---------- Supplied data

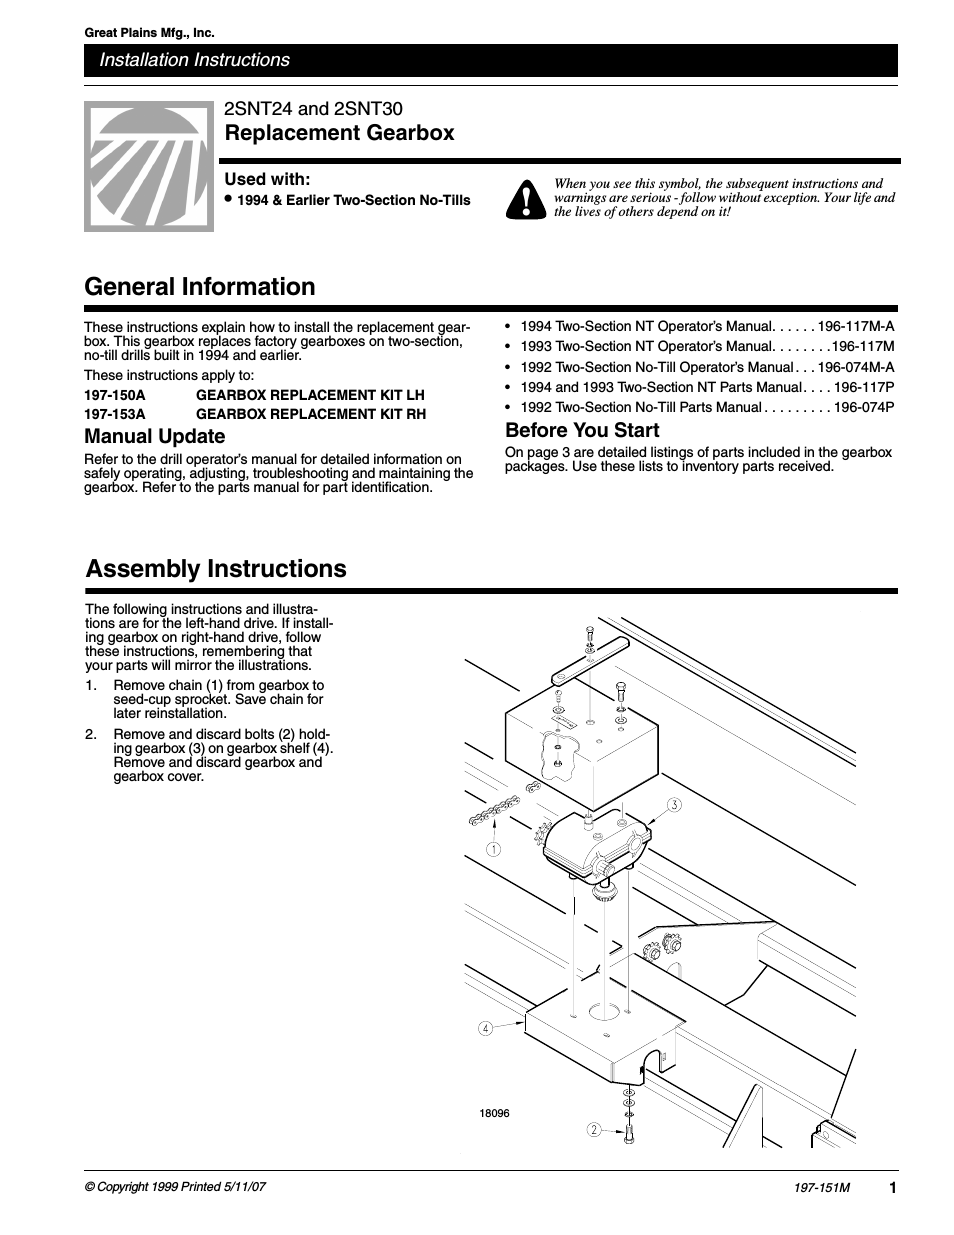 2SNT30 Assembly Instructions
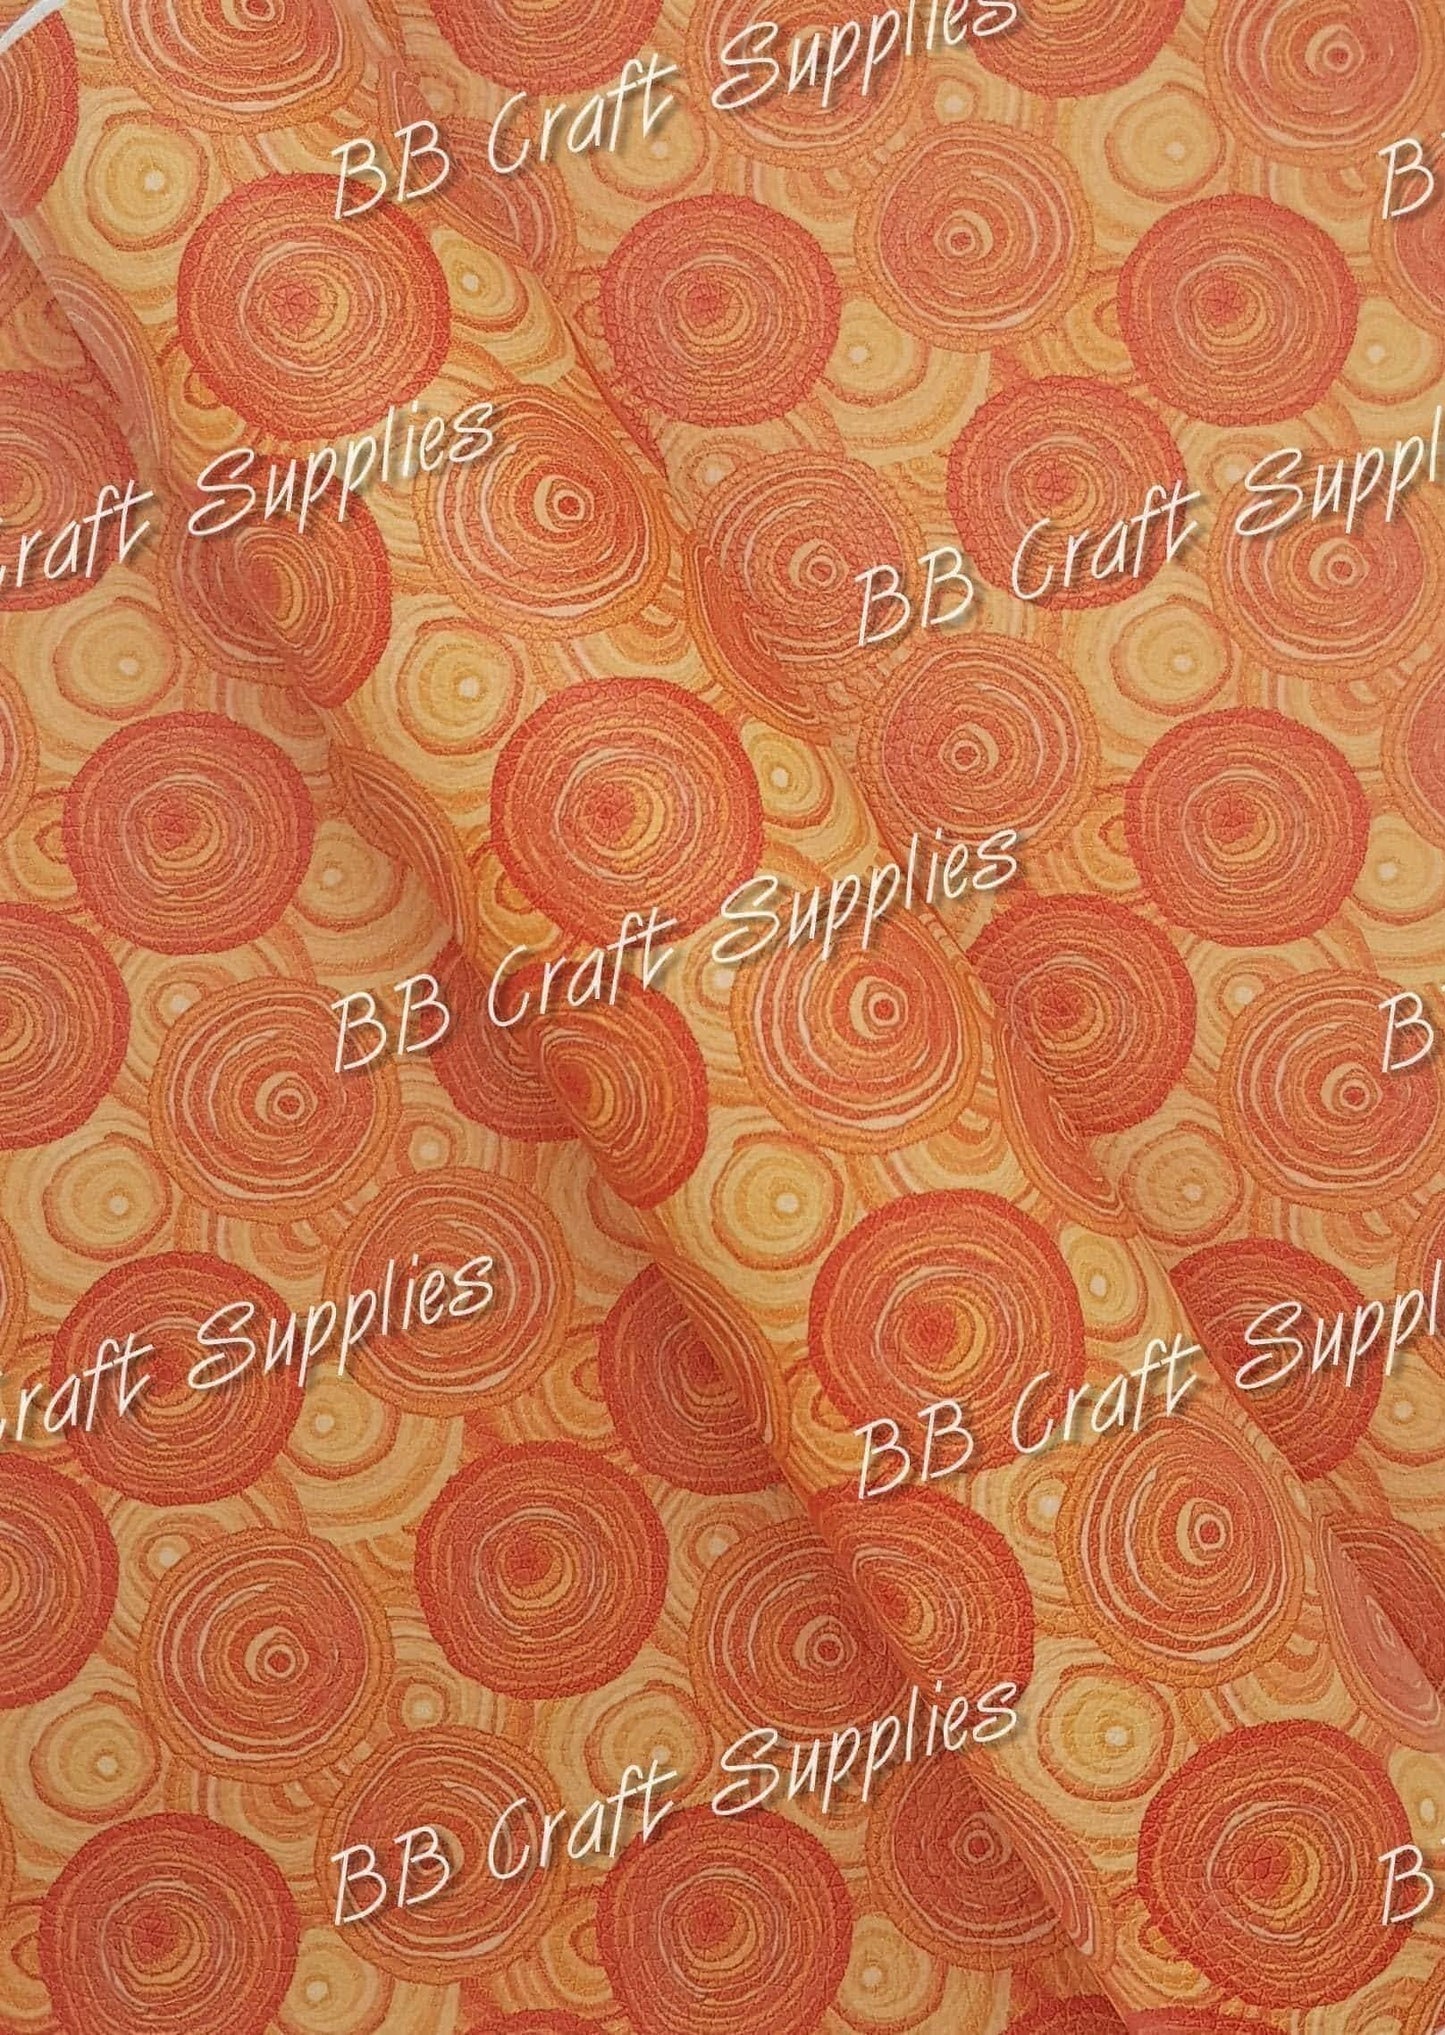 Circle Painting - Art, Australia Day, Australian, circles, Faux, Faux Leather, indigenous, Leather, leatherette - Bare Butler Faux Leather Supplies 
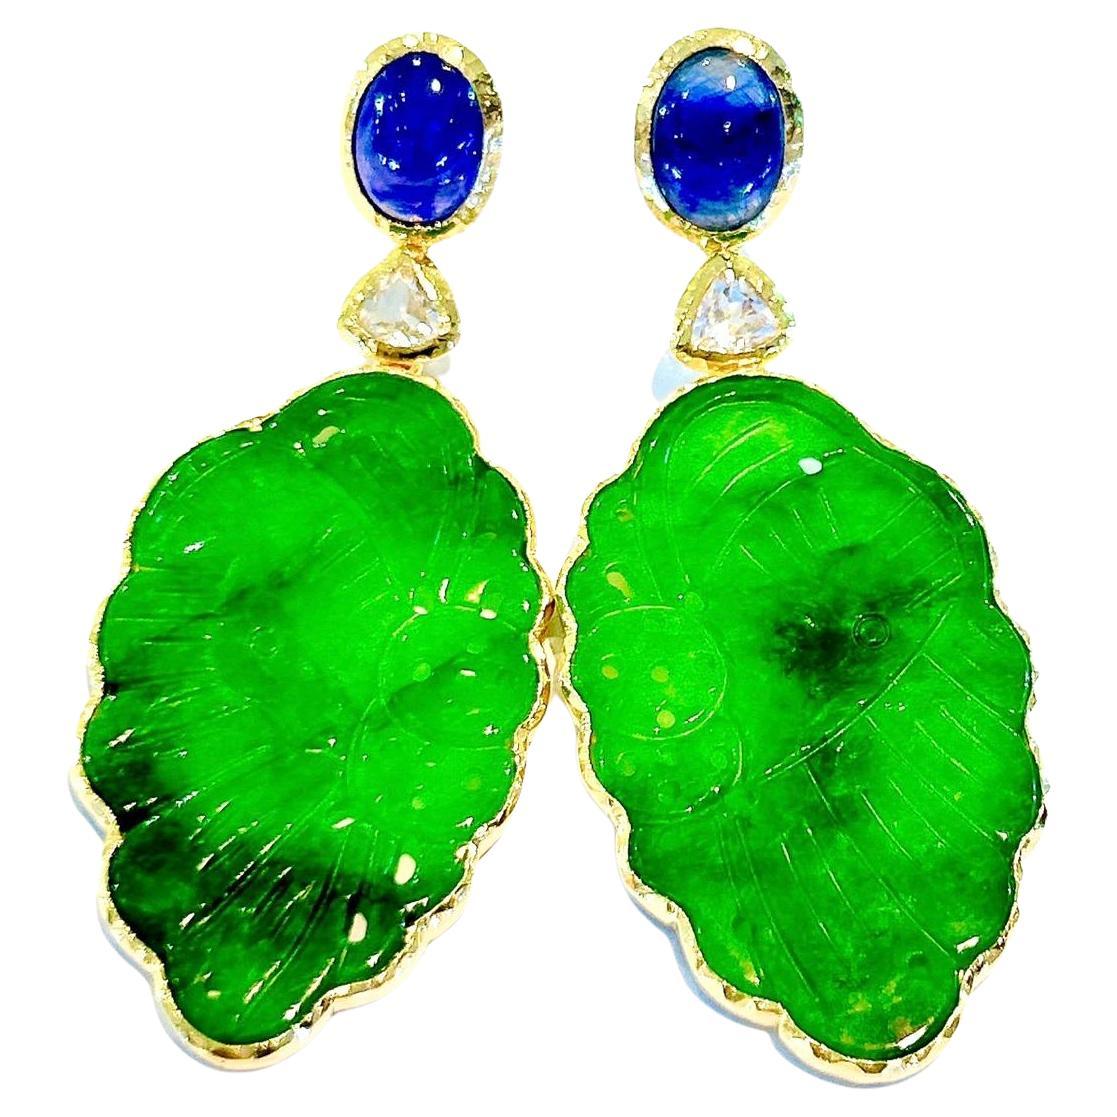 Bochic “Orient” Jade & Sapphire Earrings set in 22K Gold & Silver 
Green Carved Jade  - 30 carats in total
Natural Deep Blue Sri Lankan Sapphires 
Shape - Cabochon
14 Carats 
Natural White Topaz - 5 carats in total 
Shape - Trillion
Set in 22K Gold
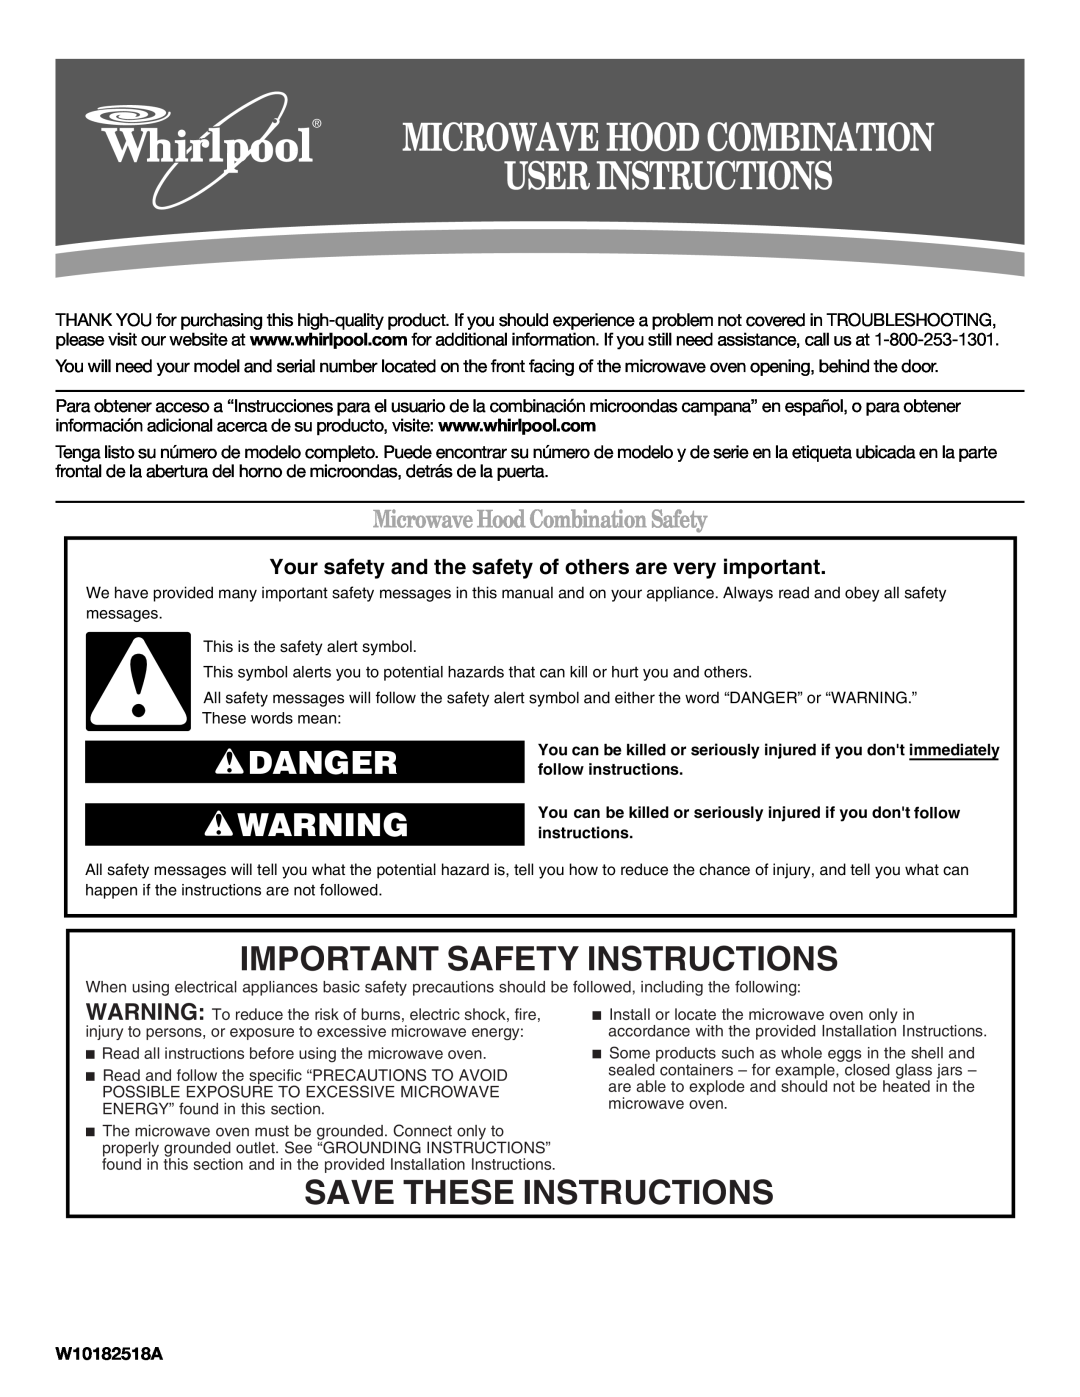 Whirlpool W10182518A Important Safety Instructions, Save These Instructions, Microwave Hood Combination Safety, Danger

--------------------

• Action item:
Your answer should consist of all lines above that include the string "total".

• Answer below:
Green Carved Jade  - 30 carats in total
Natural White Topaz - 5 carats in total 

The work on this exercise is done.